The appropriate choice of a threshold level, which separates the tails of the probability distribution of a random variable from its middle part, is considered to be a very complex and challenging task. This paper provides an empirical study on various methods of the optimal tail selection in risk measurement. The results indicate which method may be useful in practice for investors and financial and regulatory institutions. Some methods that perform well in simulation studies, based on theoretical distributions, may not perform well when real data are in use. We analyze twelve methods with different parameters for forty-eight world indices using returns from the period of 2000–Q1 2020 and four sub-periods. The research objective is to compare the methods and to identify those which can be recognized as useful in risk measurement.
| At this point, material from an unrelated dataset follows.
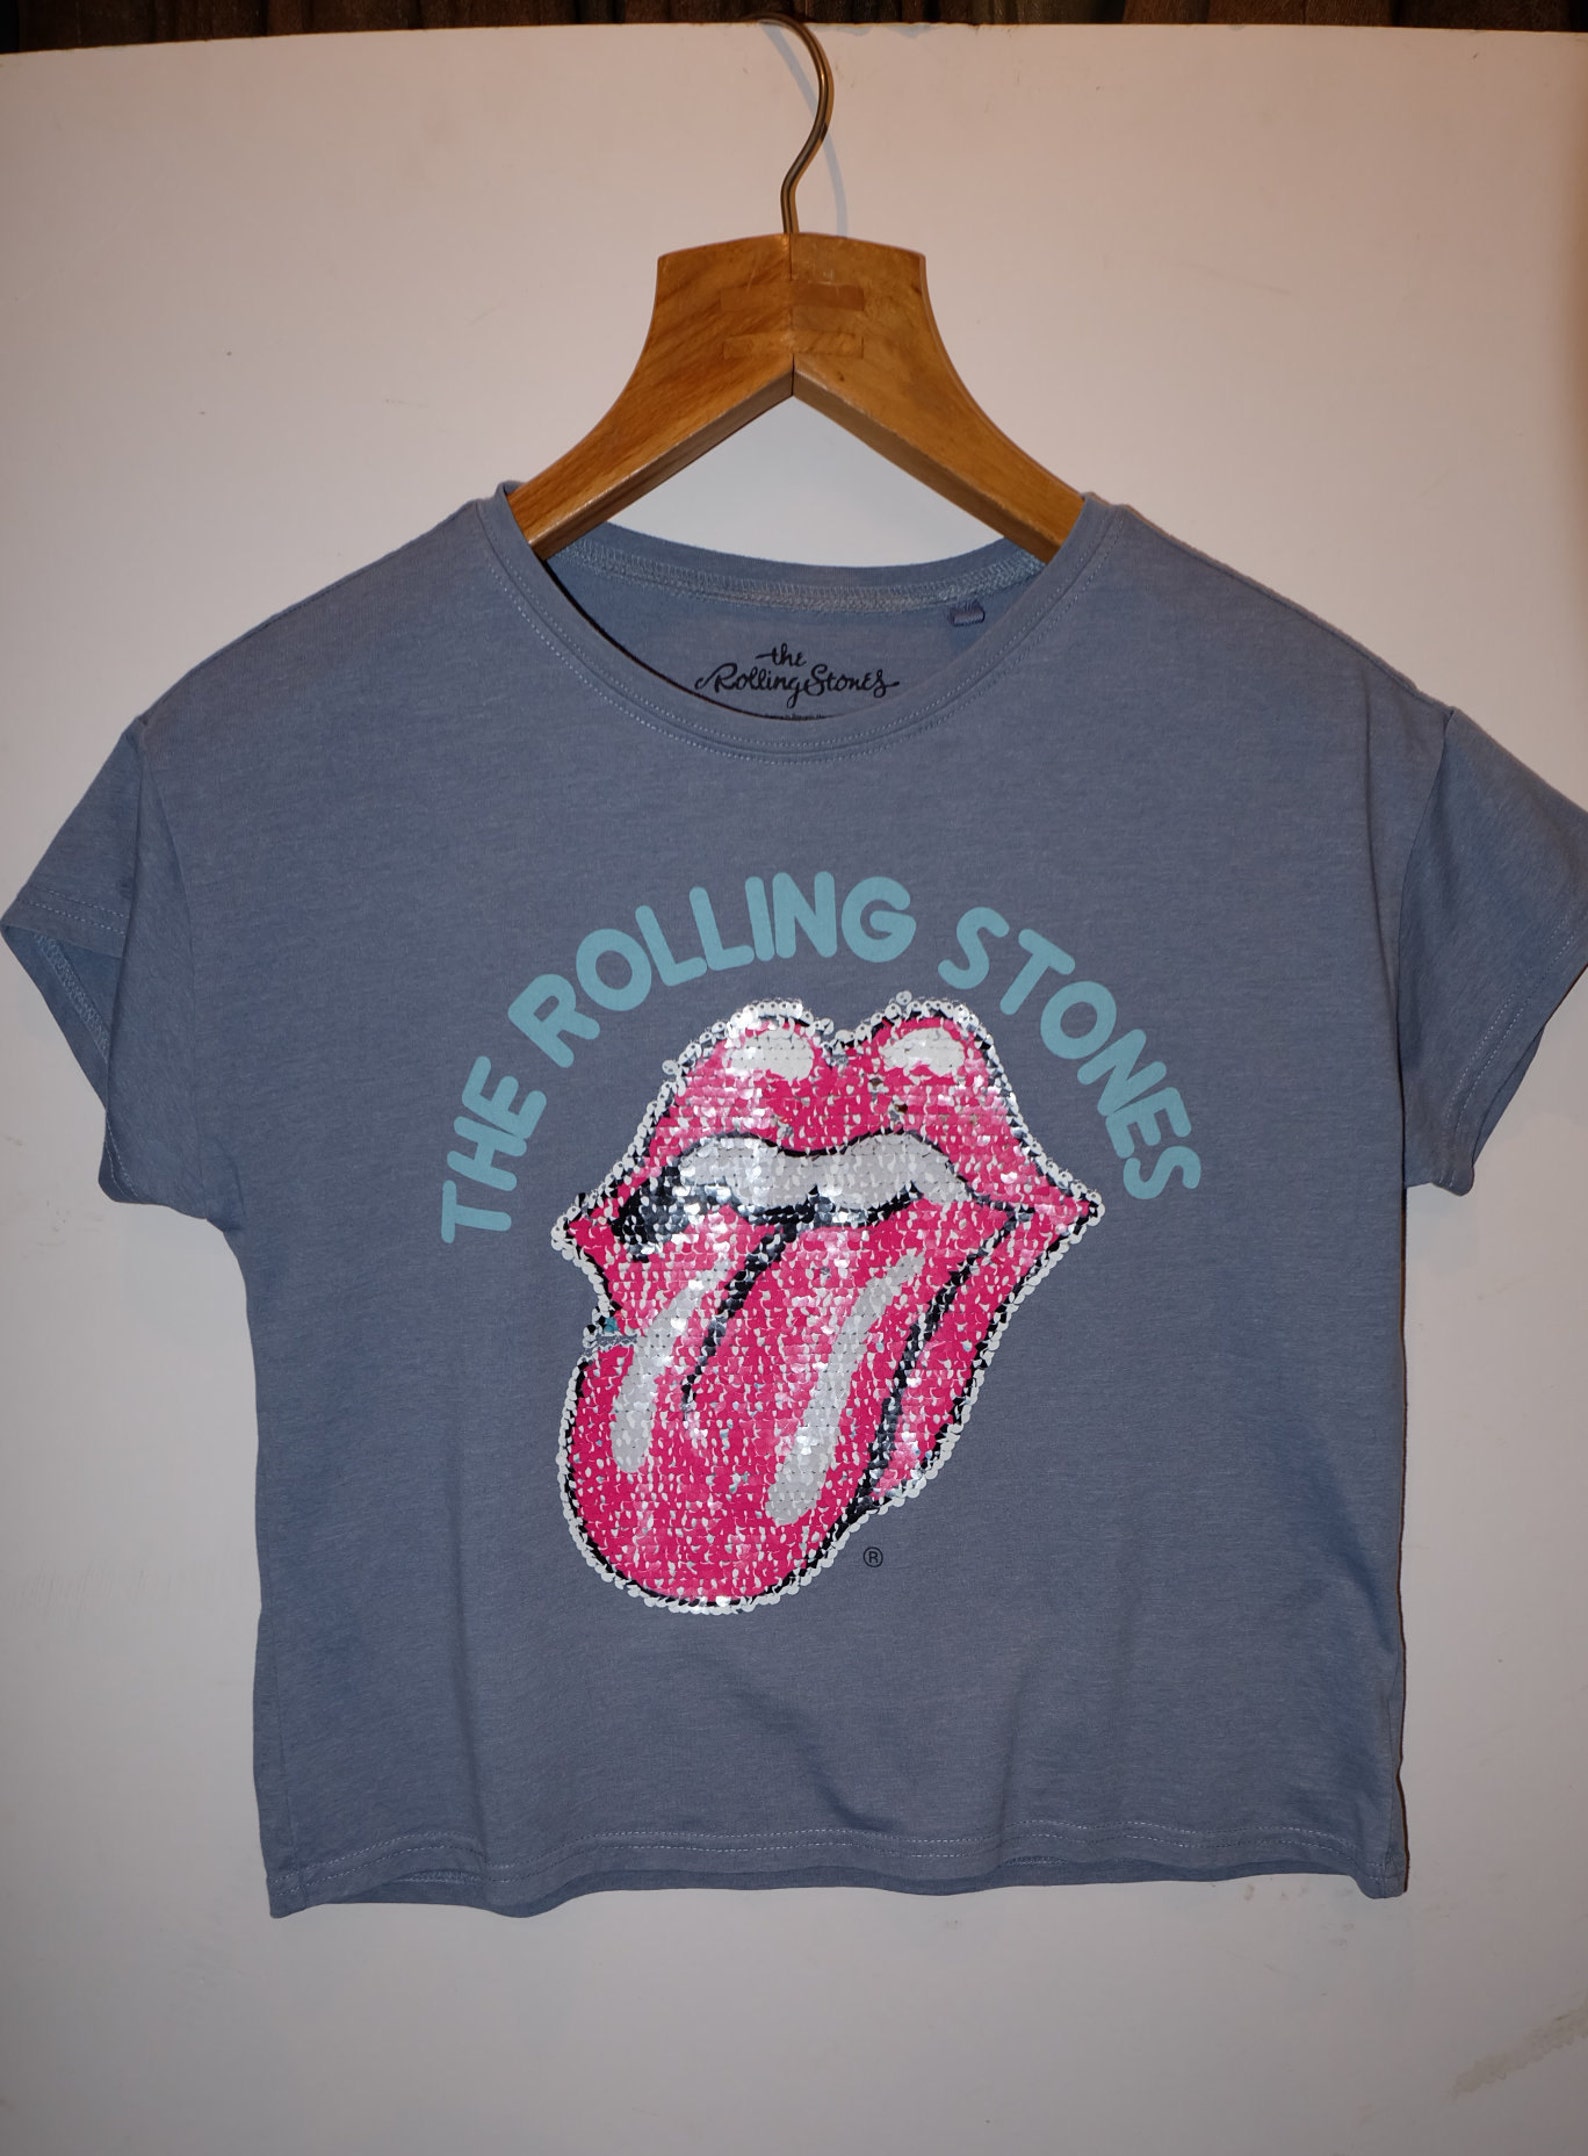 The Rolling Stones Sequins Vintage T-shirt | Etsy

The results suggest that only four tail selection methods, i.e., the Path Stability algorithm, the minimization of the Asymptotic Mean Squared Error approach, the automated Eyeball method with carefully selected tuning parameters and the Hall single bootstrap procedure may be useful in practical applications.

Suggested Citation

  • Małgorzata Just & Krzysztof Echaust, 2021. "An Optimal Tail Selection in Risk Measurement," Risks, MDPI, vol. 9(4), pages 1-16, April.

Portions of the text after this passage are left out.